- _DATA EXCERPT_
BEGIN

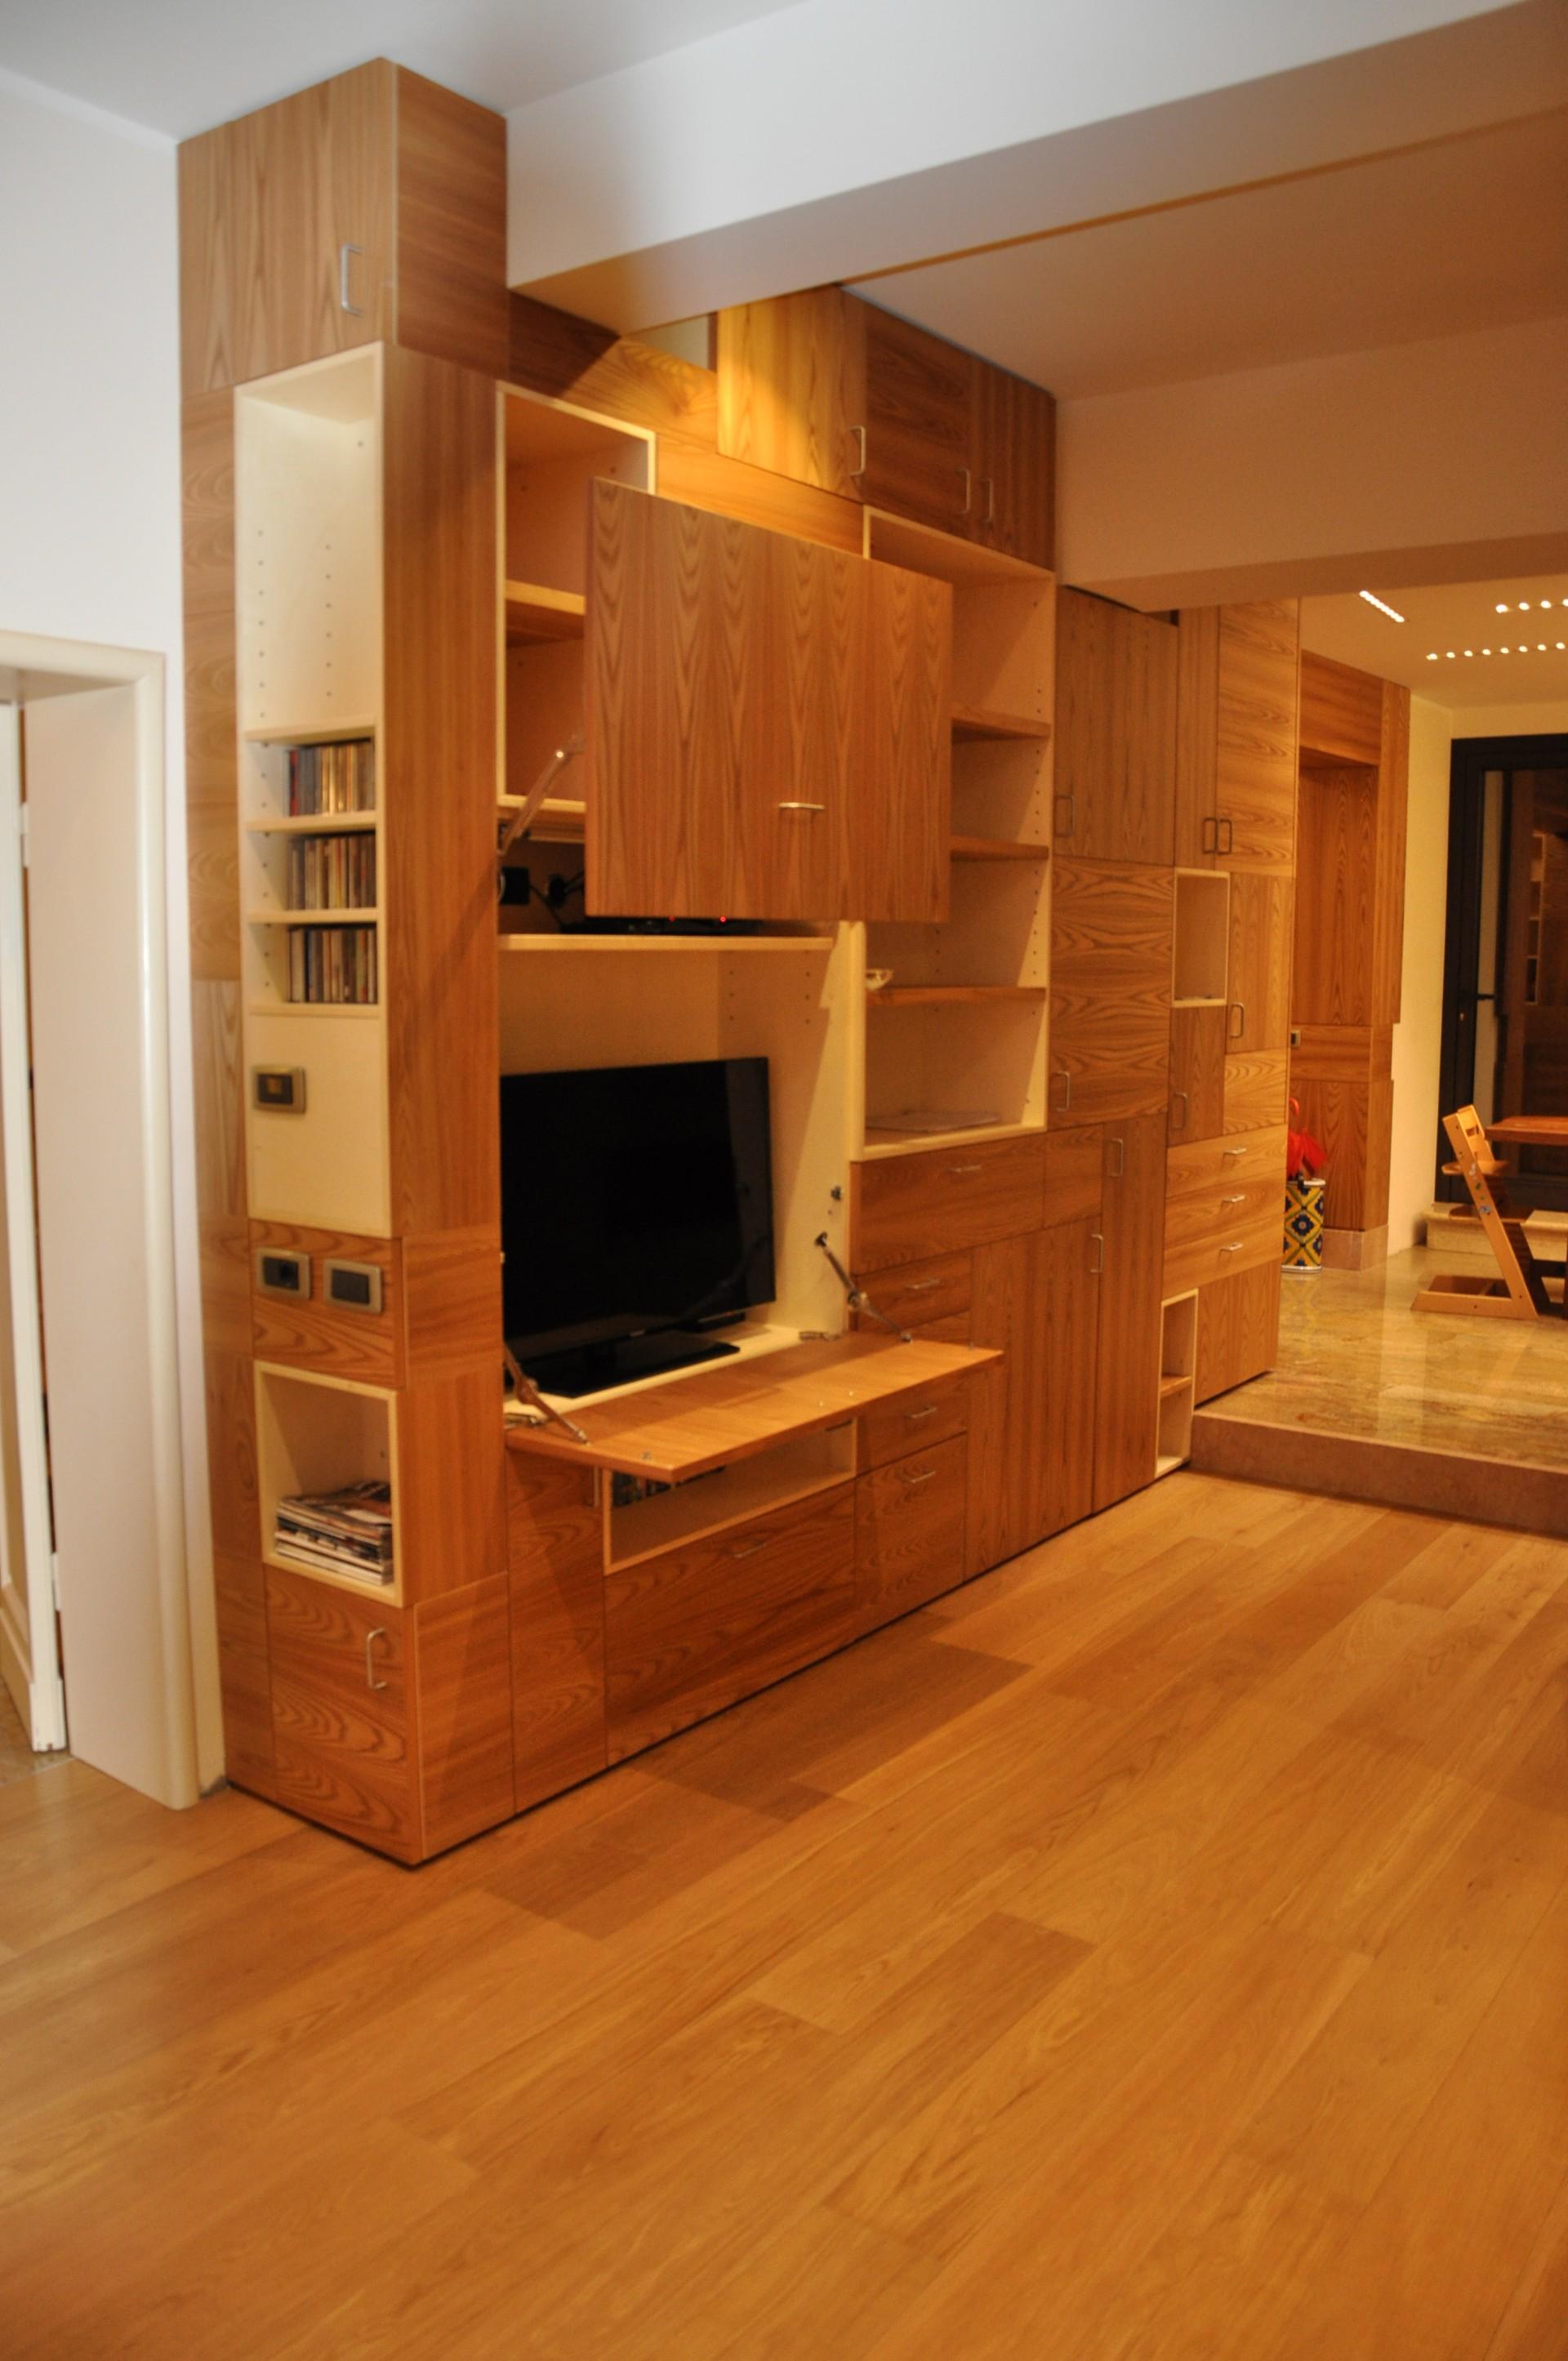 Progettazione arredamenti su misura fadini mobili cerea for Aurora arreda
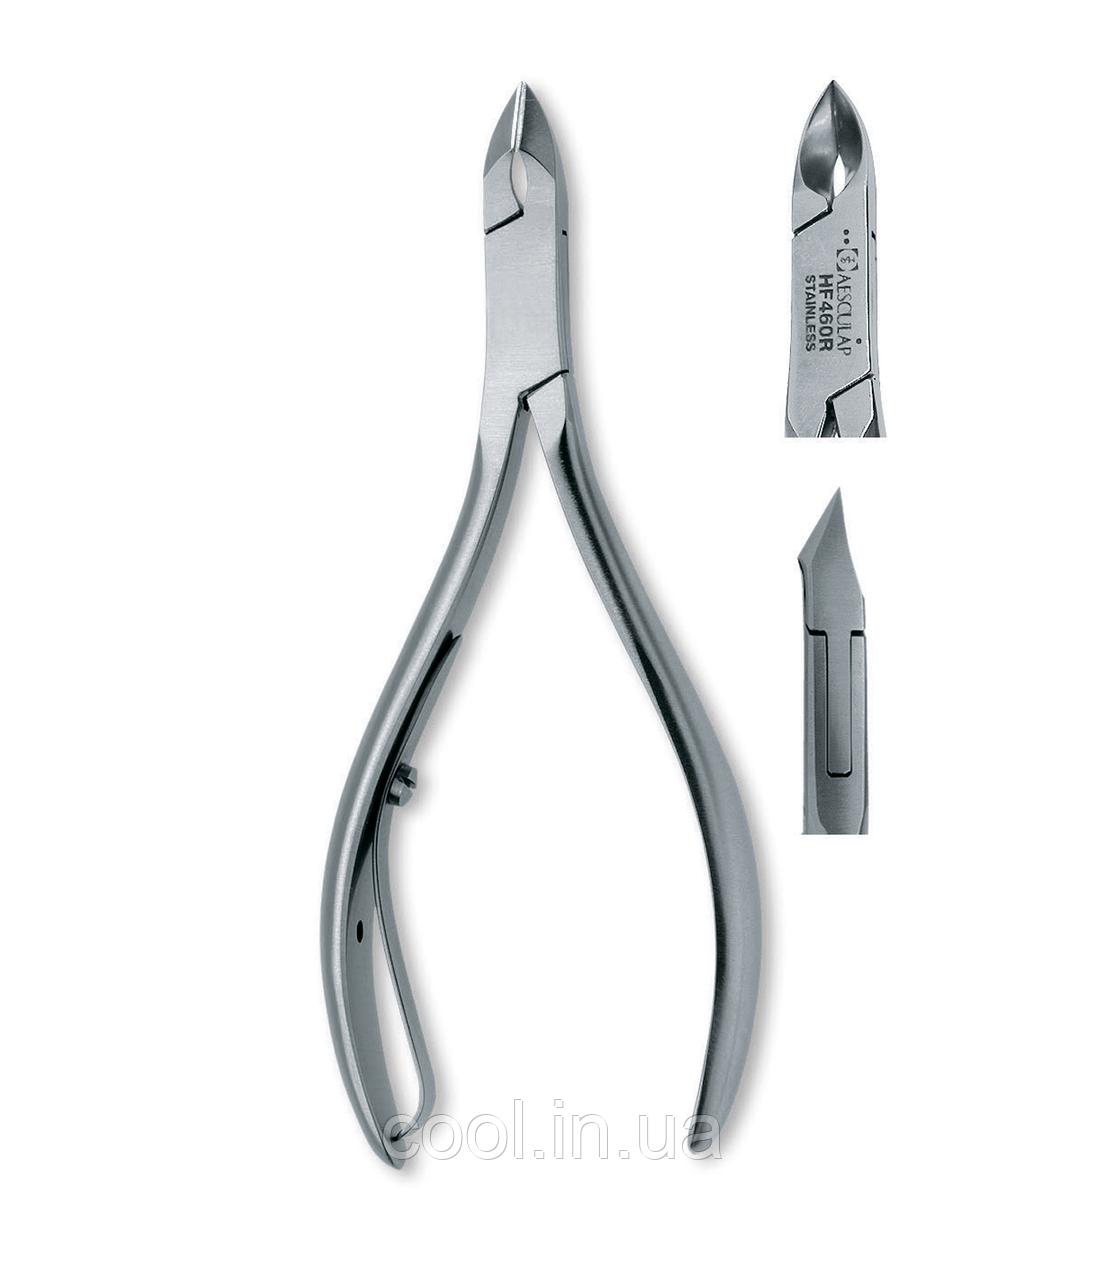 Щипцы для кожи, лезвие 4 мм., инструментальная сталь, 10 см
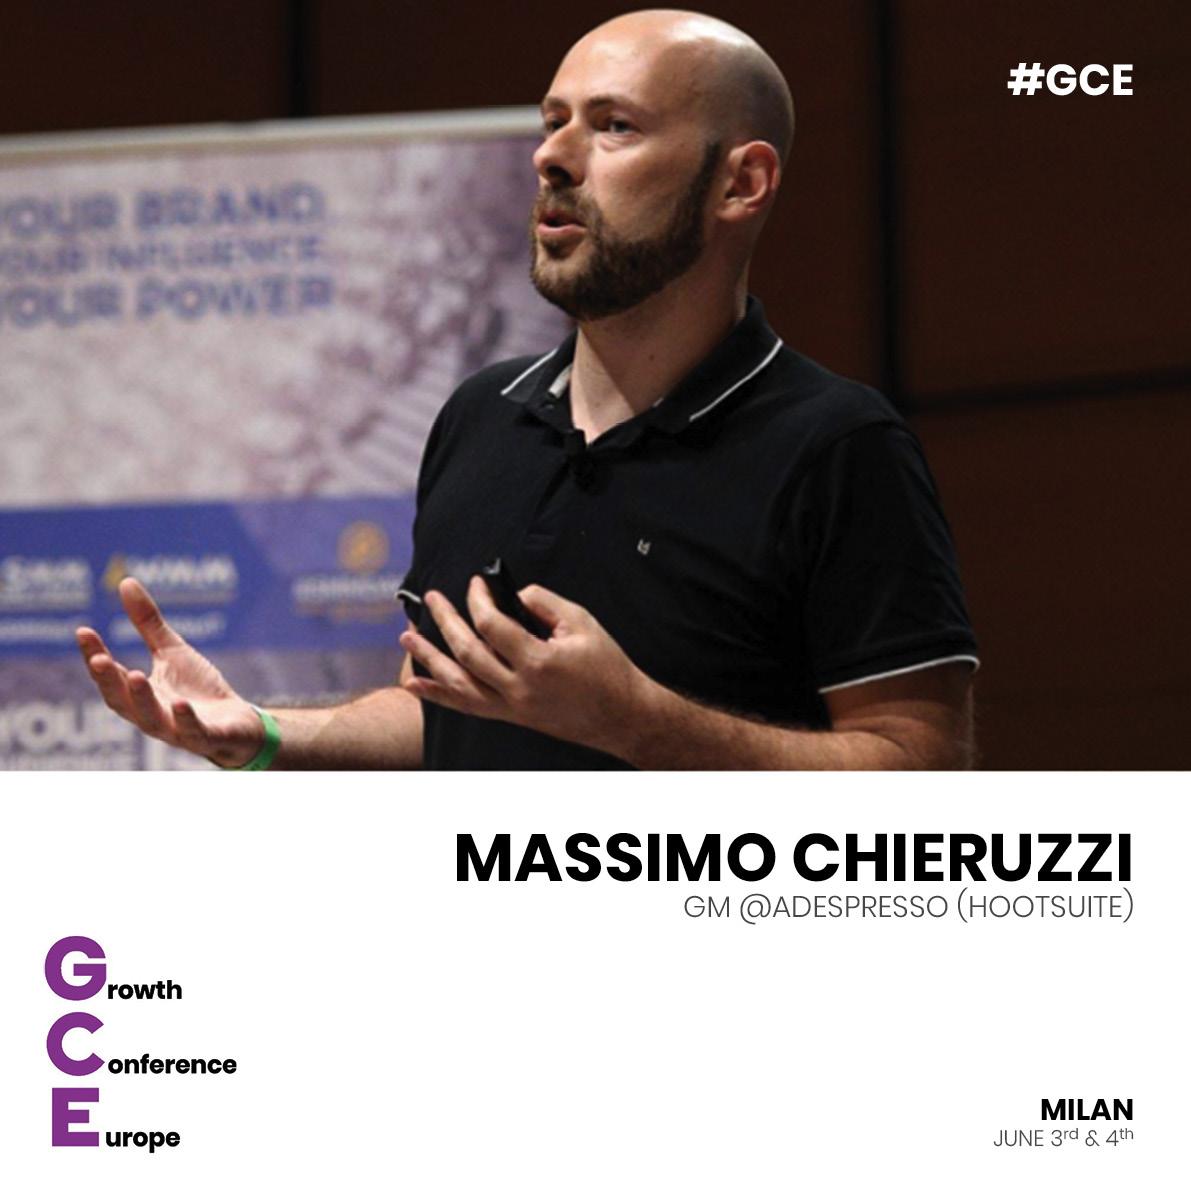 GCE_speaker14.jpg
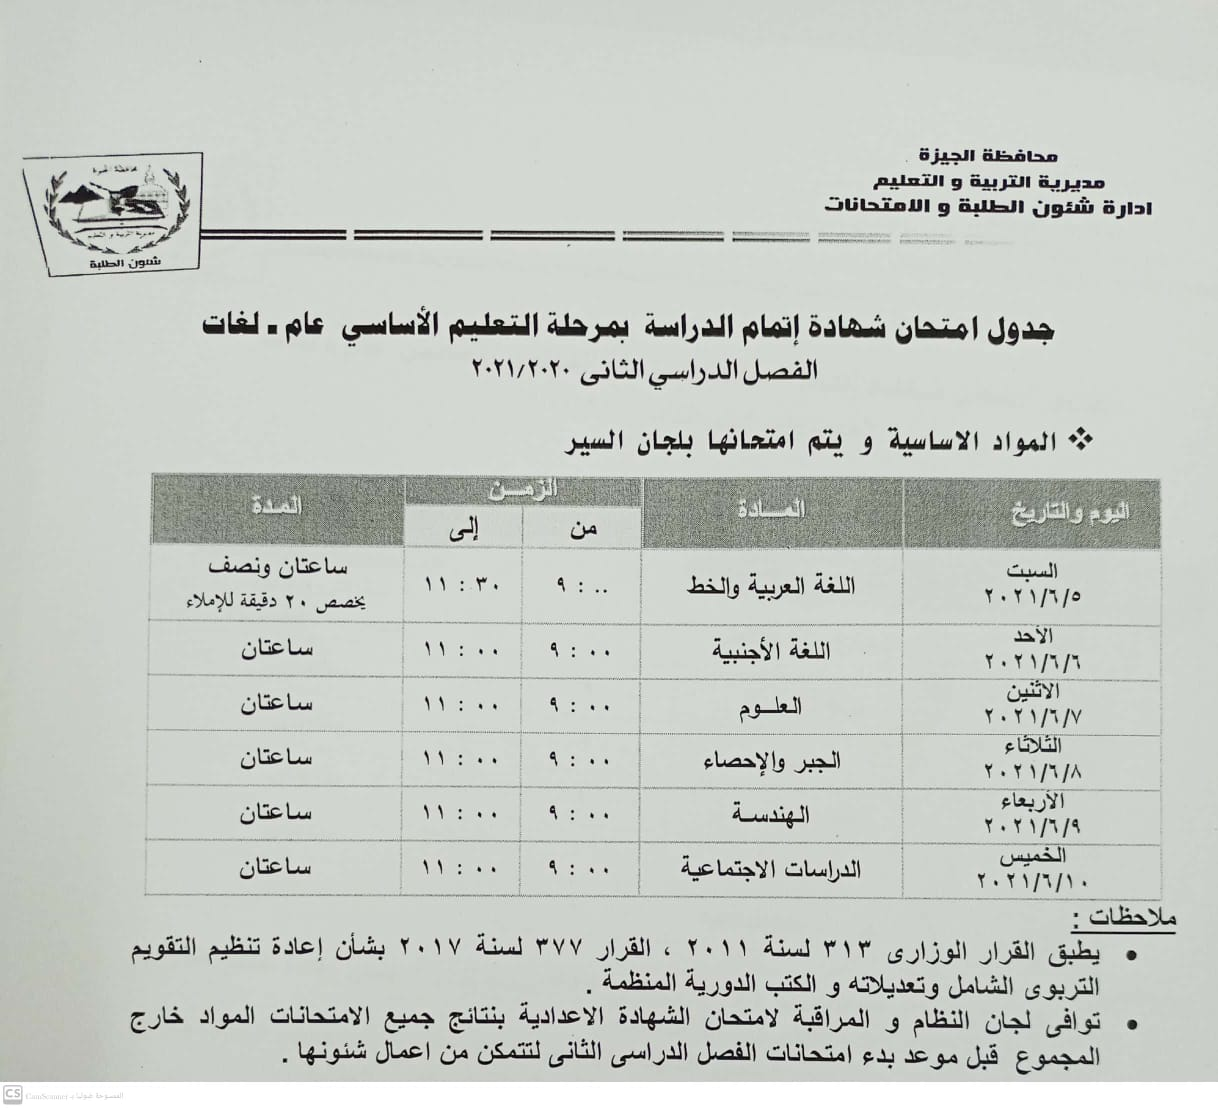 جدول امتحانات الشهادة الاعدادبة الترم الثانى 2021 (محافظة الجيزة)

END

Reproduce exactly the lines above from the one with "Щипцы для кожи, лезвие" through the last line of the data, keeping both ends and dropping the pictures.

- _SOLUTION_
 Щипцы для кожи, лезвие 4 мм., инструментальная сталь, 10 см
 GCE_speaker14.jpg
 جدول امتحانات الشهادة الاعدادبة الترم الثانى 2021 (محافظة الجيزة)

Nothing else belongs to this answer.